Oct 18, 2023 EU REACH: Hexavalent Chromium (CrVI) Changes to Regulatory Approach

This blog was originally posted on 18th October, 2023. Further regulatory developments may have occurred after publication. To keep up-to-date with the latest compliance news, sign up to our newsletter.

AUTHORED BY Catherine Phillips, Principal Regulatory Consultant, RINA


The Registration, Evaluation, Authorisation and Restriction of Chemicals Regulation (REACH) seeks to phase out the use of hazardous substances through mechanisms such as authorisation, or restriction. Currently many Hexavalent Chromium substances are subject to authorisation, however the Commission considers that this is no longer appropriate to control the risk to human health posed by these substances. Therefore, the EU has recently announced that the plan is to manage the risks through restrictions instead.

The restriction aims to improve the effectiveness and efficiency in regulating Cr(VI) substances in the EU and will cover
chromium trioxide and chromic acid. Other hexavalent chromium compounds may also be added where it has been determined that there is a chance of regrettable substitution. The proposal for the restriction will be outlined in the Annex XV dossier due to be published mid-October 2024 and adopted around September 2026 / early 2027. The restriction can include derogations which allows for differentiated transitional periods for different uses depending on information submitted during the consultation process, e.g., the risk, socio-economic considerations, and availability of alternatives. However, those derogations may not necessarily reflect granted authorisations in terms of timing and/or scope. It is also important to note that, unlike the authorisation process, the evidence to substantiate the need for latter compliance dates for certain products needs to be produced before the restriction is finalised.

Change In Approach

The reasons for the change of approach, explained in the Q&As from the European Commission for Growth (EU DG
Grow), are:

  1. Considering that authorisation decisions often impose additional risk management measures for the authorisation holders, and that in some cases a lack of suitable alternatives are not demonstrated, the delay in deciding on authorisations undermines one of the objectives of the REACH Regulation, i.e., the protection of human health and the environment.
  2. The delay in deciding authorisations arises because of a substantial number of applications for authorisations, arising from businesses trying to manage their business risk, as a consequence of the prosecution in the European Court of Justice and subsequent annulment of authorisations for chromium trioxide.

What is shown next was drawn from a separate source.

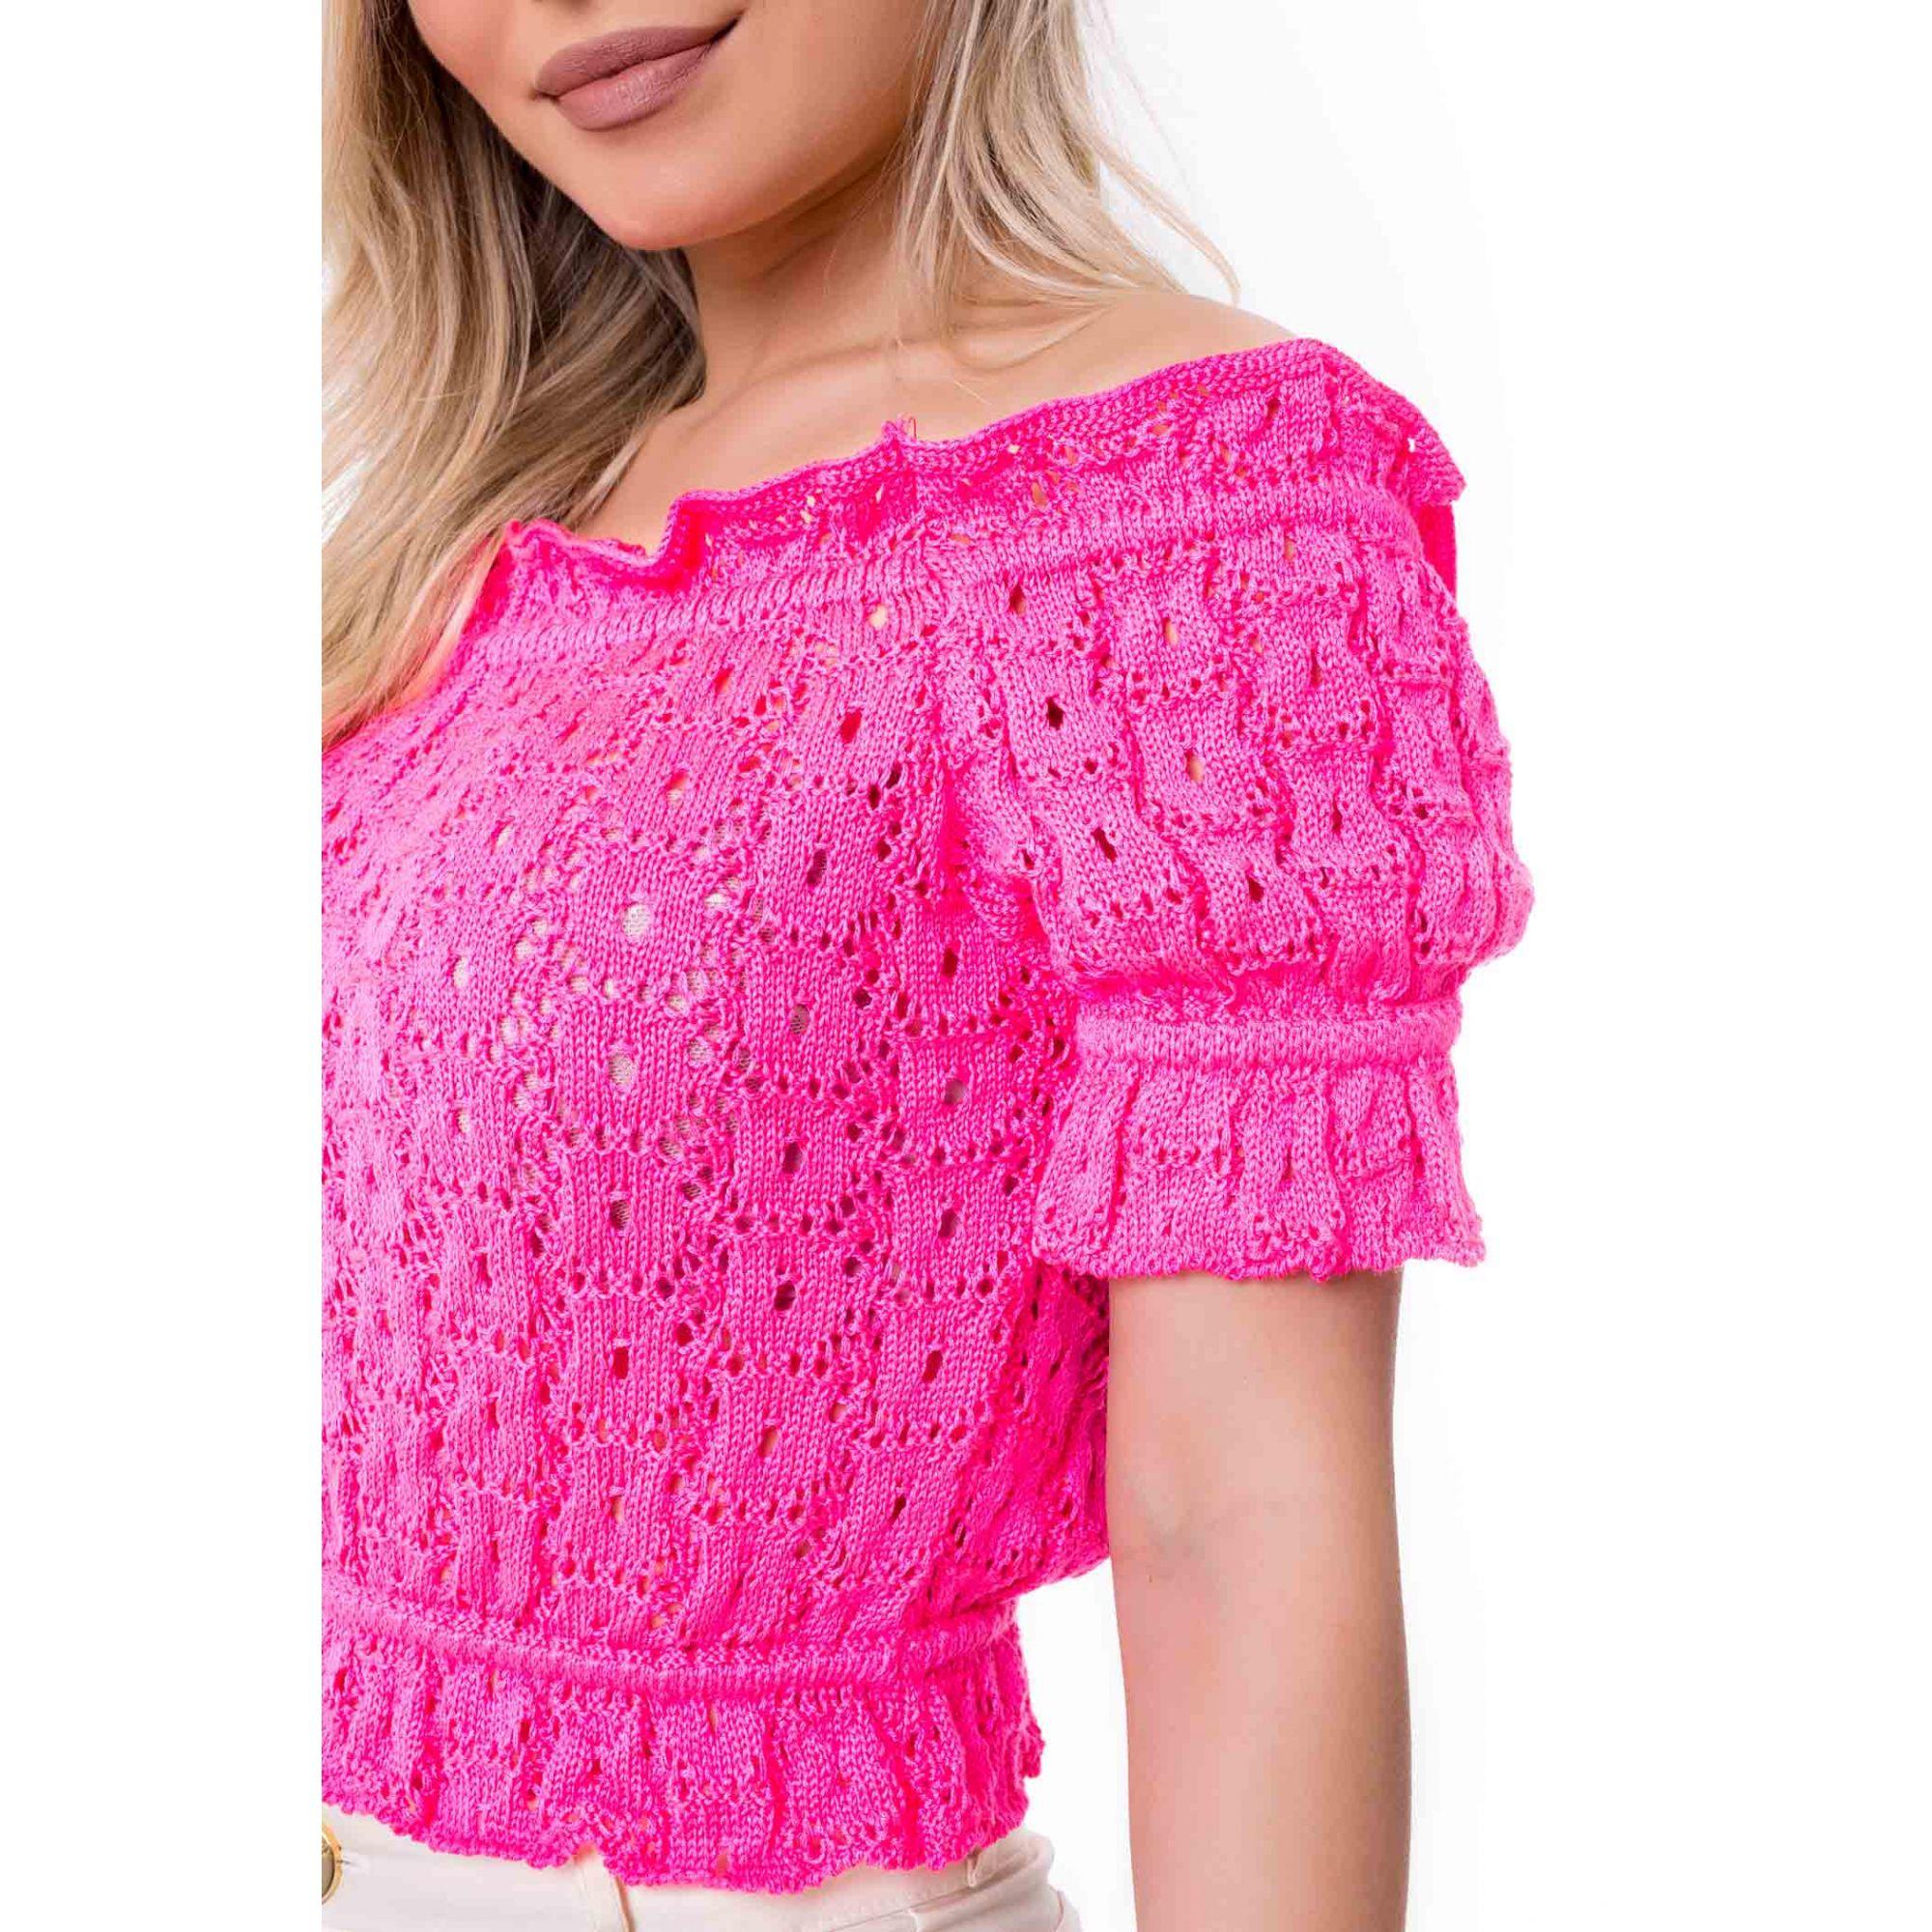 Blusa Cropped Vera Tricot Ombro a Ombro Franzidos Feminino Pink

This could explain the change in preference from authorisation to restriction for broad substance uses, because of the challenge in processing the number of authorisations that would be generated. This has been a factor in choosing restriction for per and polyfluorinated substances (PFAS) rather than authorisation.

What Have Been The Issues With Hexavalent Chromium Authorisation?

The Q&As clarify the European Commission’s position regarding existing hexavalent chrome, and explain that, for authorisations:

  1. The use applied for needs to be sufficiently narrow to allow meaningful analysis of alternatives and makes sure that uncertainties on availability of suitable alternatives are negligible.
  2. Applicants need to properly justify the need for both the specific functionality (or functionalities) provided by the substance of very high concern and, for each functionality, the specific level of performance. The Commission will thoroughly verify that this burden of proof is discharged.
  3. Companies are only covered by an authorisation if they can show that the risk to human health and the environment is minimised. However, business practices for hexavalent chromium are inconsistent, and additional requirements are placed on applicants and downstream users as part of the authorisation. This included the requirement to submit occupational hygiene data via the authorisation holder, or at least demonstrate risk control equivalent to those companies that have submitted data.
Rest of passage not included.